• **Exercise**
The required output is the exact run of lines in the listing below from the line holding "Artist Tomáš Libertíny" through the line holding "North Moon Male Care Spray", with no pictures.
BEGIN Material for this exercise
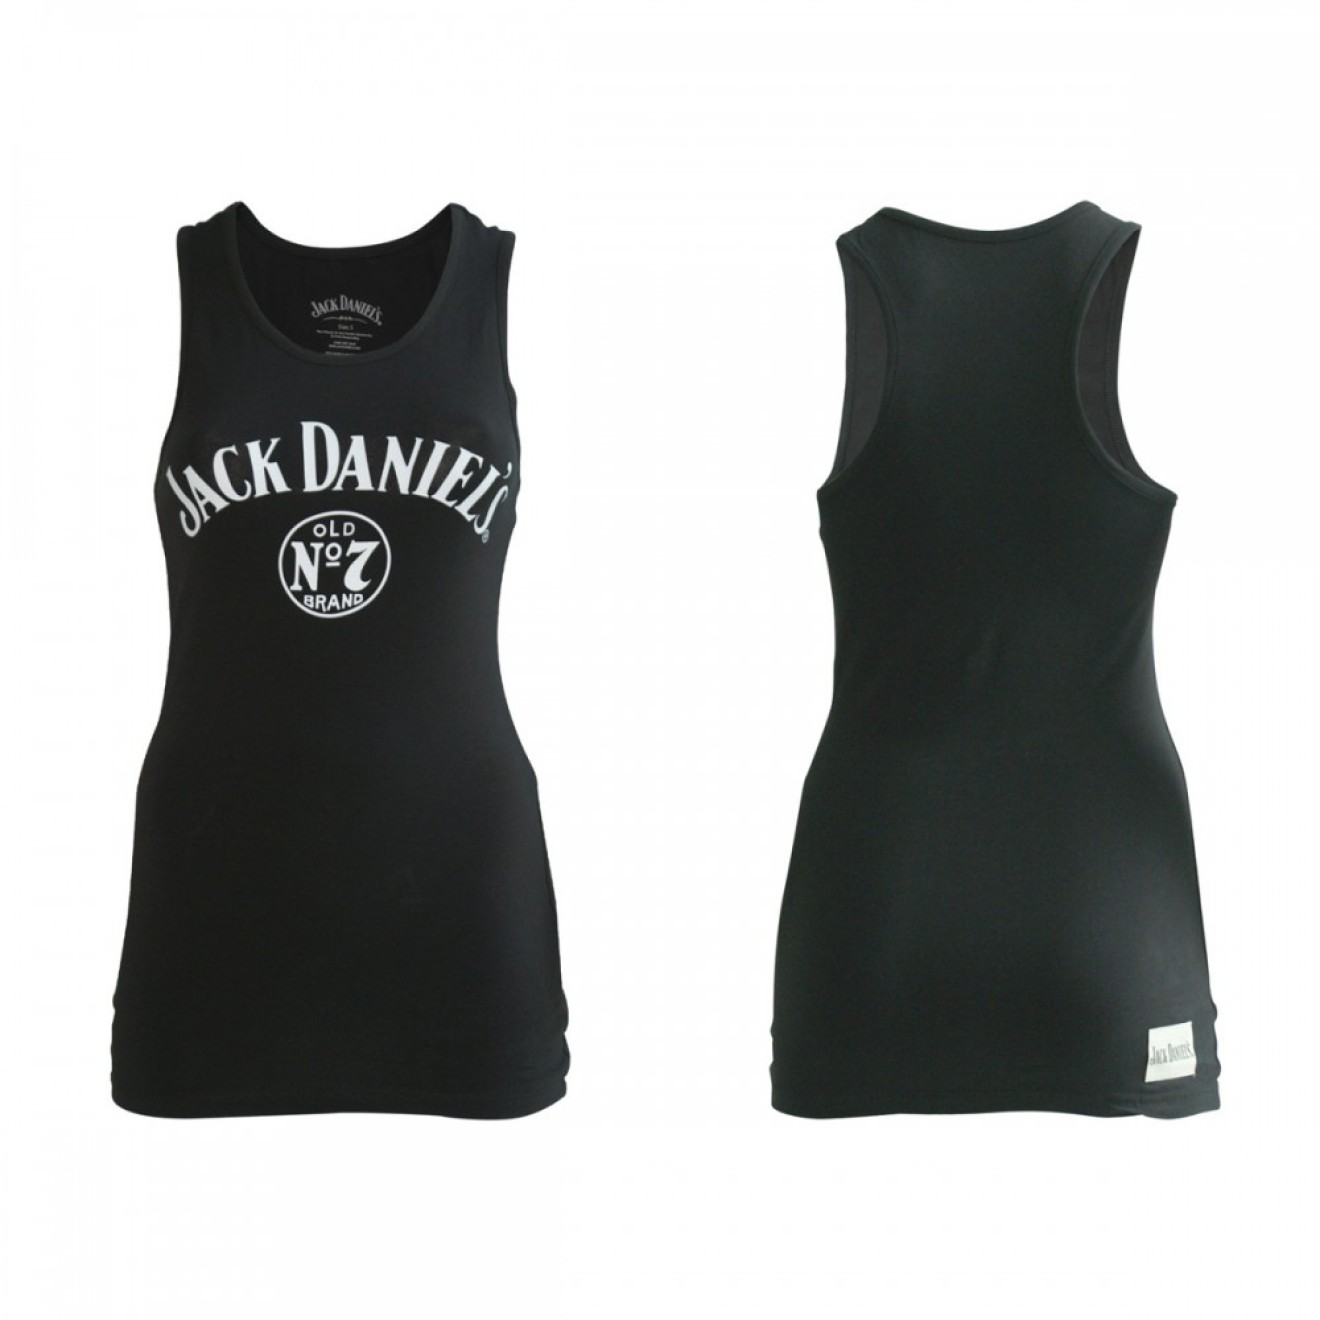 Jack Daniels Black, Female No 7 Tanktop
END Material for this exercise
BEGIN Material for this exercise
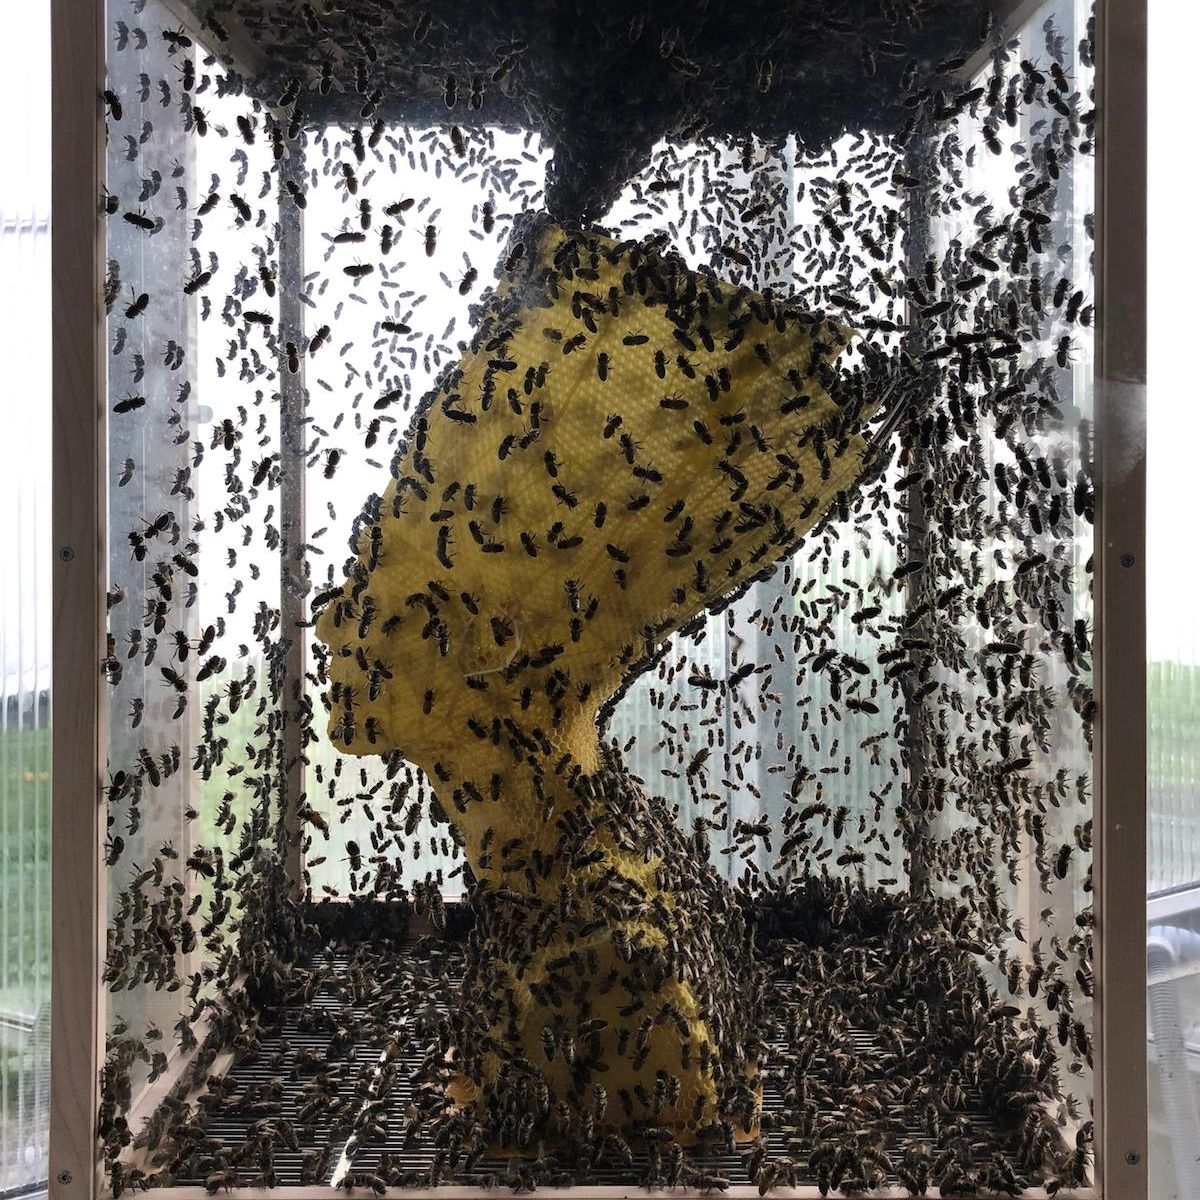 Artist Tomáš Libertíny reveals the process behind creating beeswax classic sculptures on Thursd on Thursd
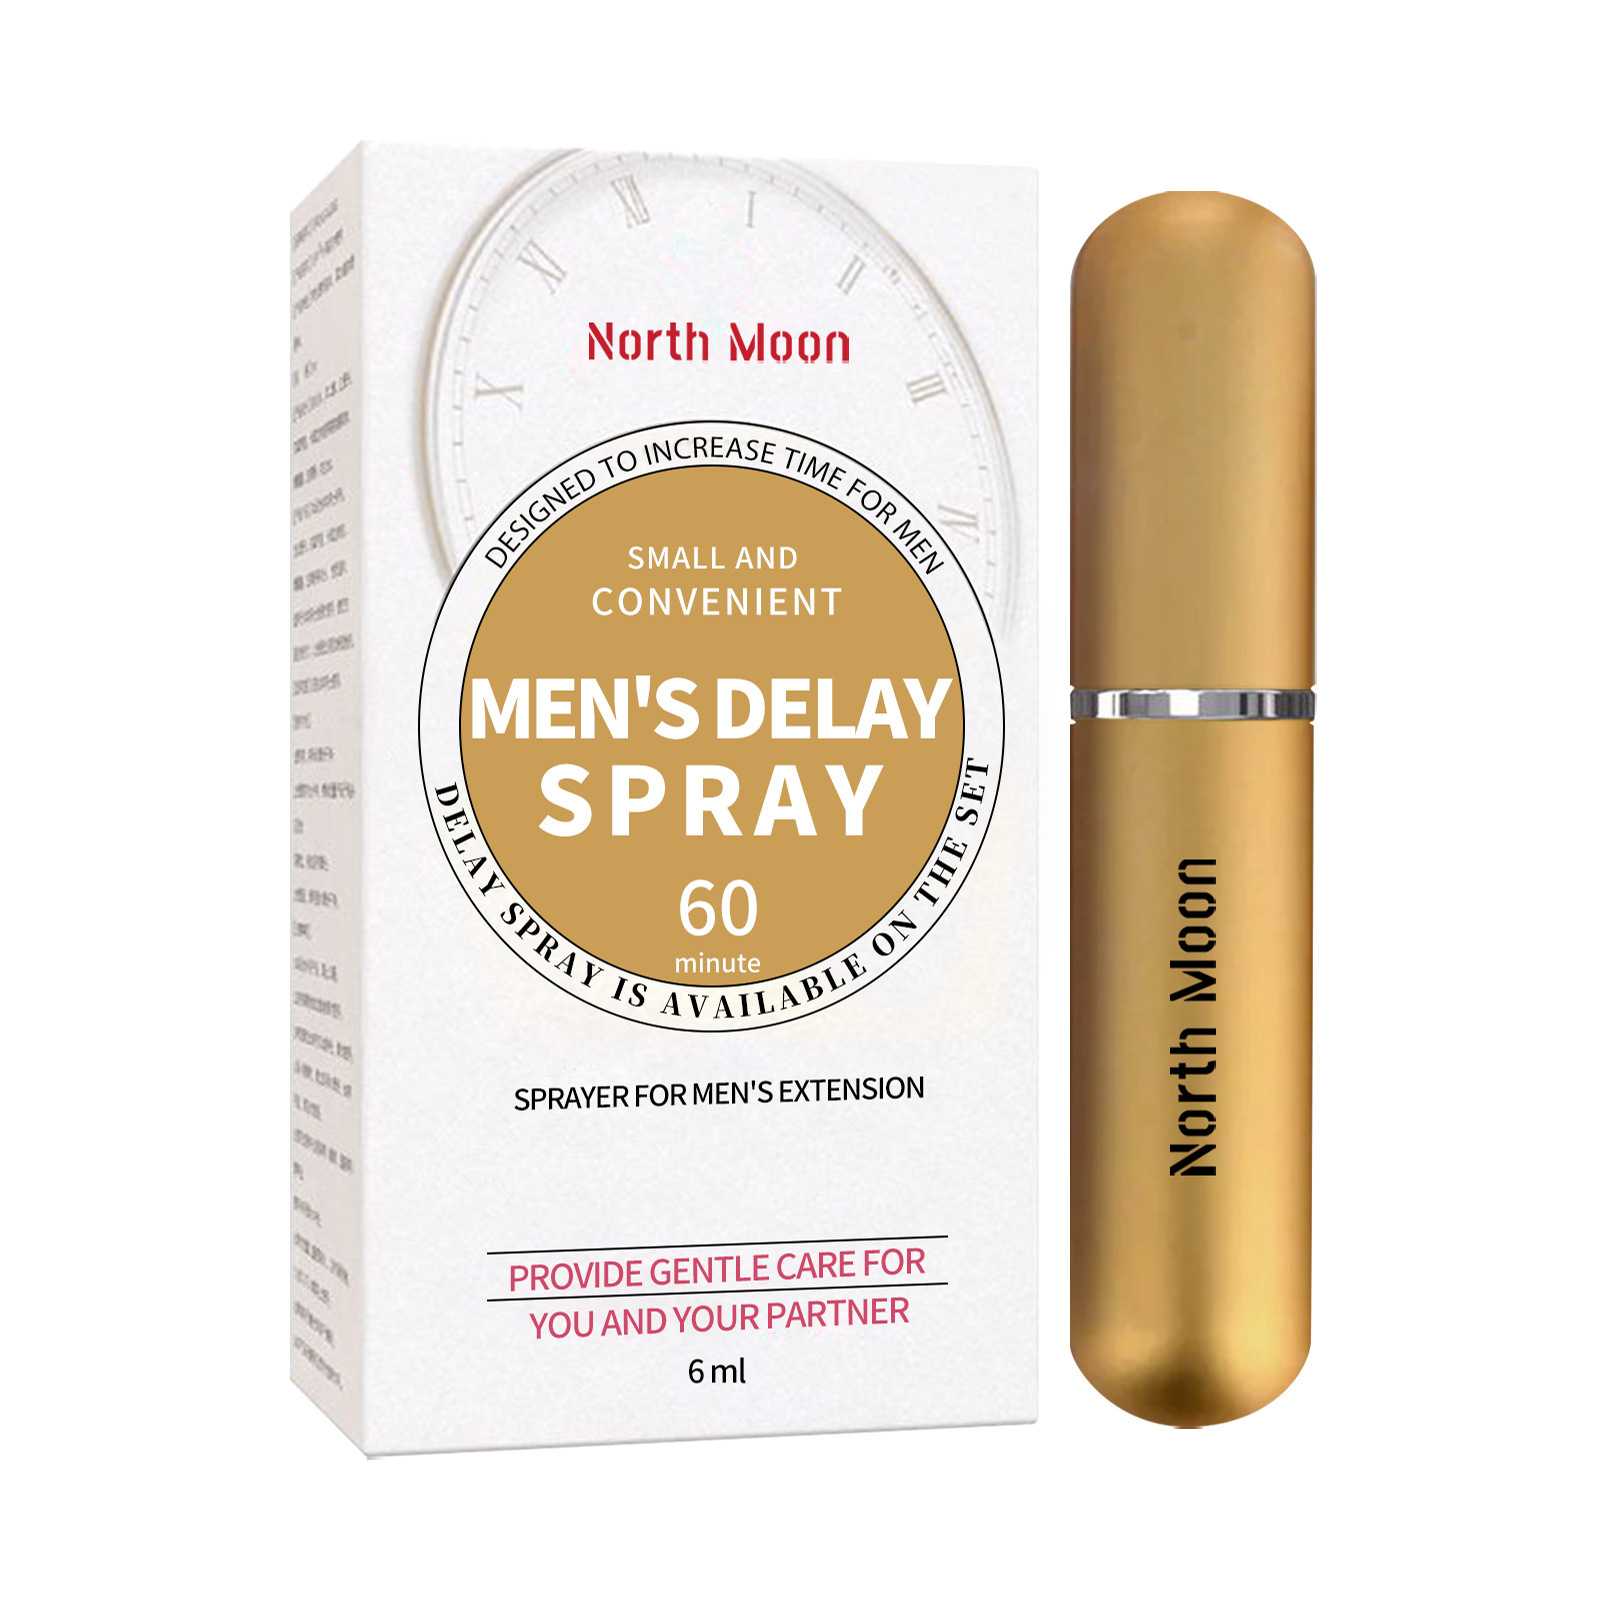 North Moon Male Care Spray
END Material for this exercise
BEGIN Material for this exercise
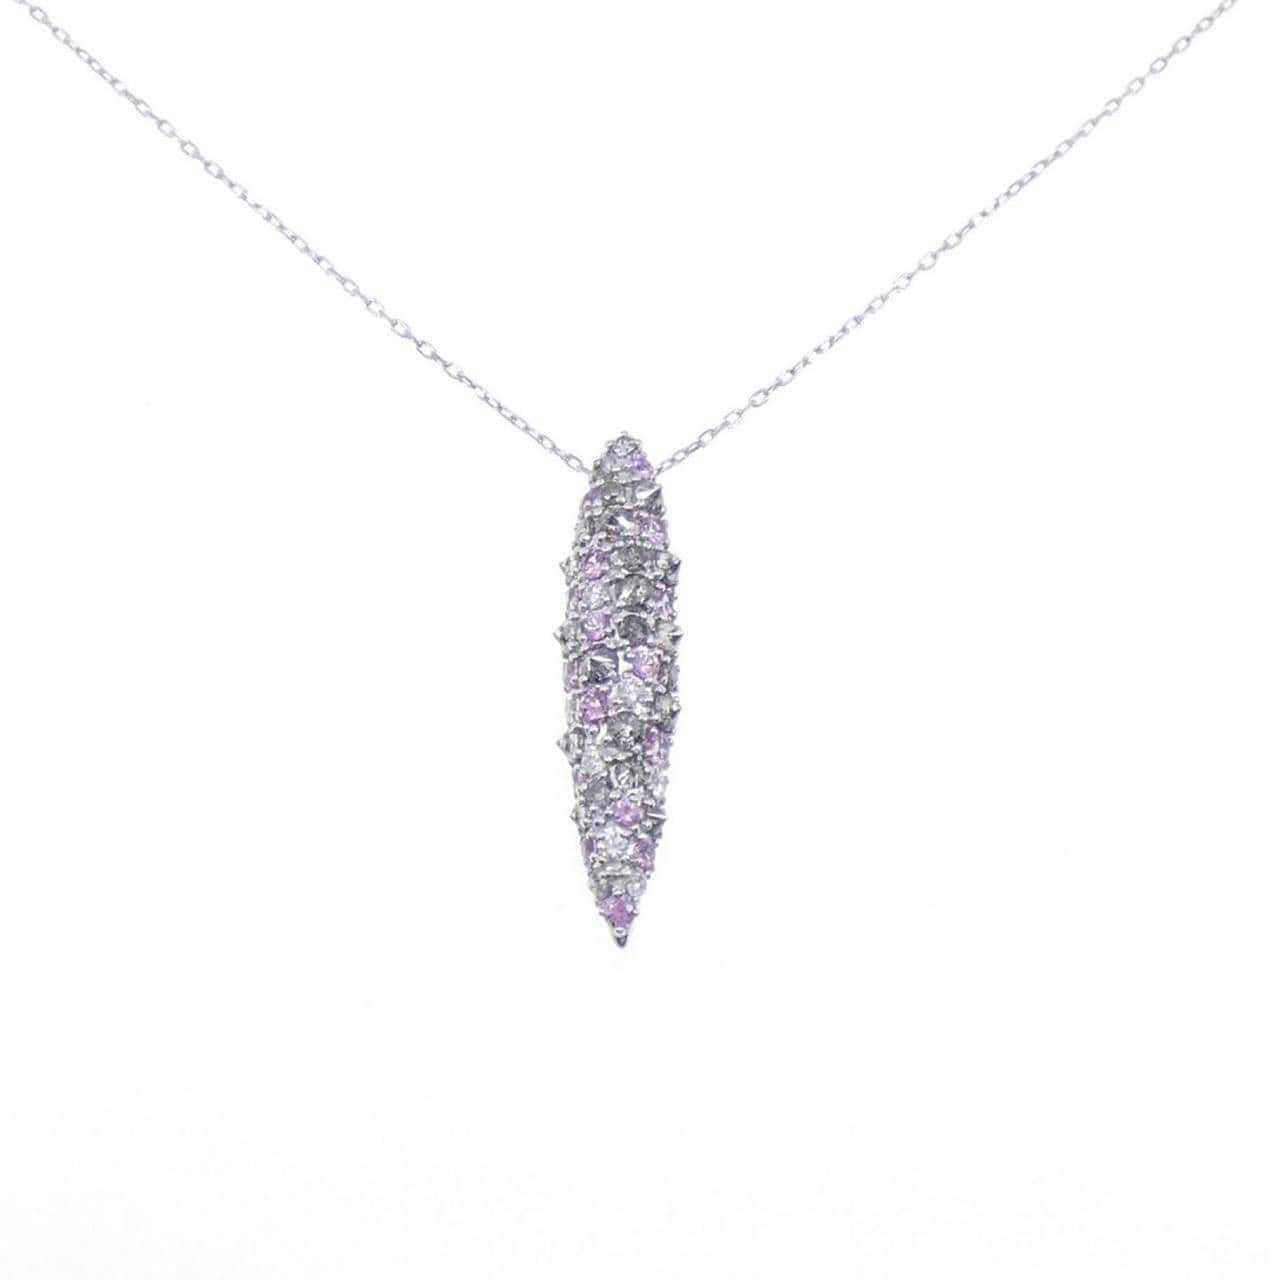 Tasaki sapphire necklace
END Material for this exercise
• **Response to this task**
 Artist Tomáš Libertíny reveals the process behind creating beeswax classic sculptures on Thursd on Thursd
 North Moon Male Care Spray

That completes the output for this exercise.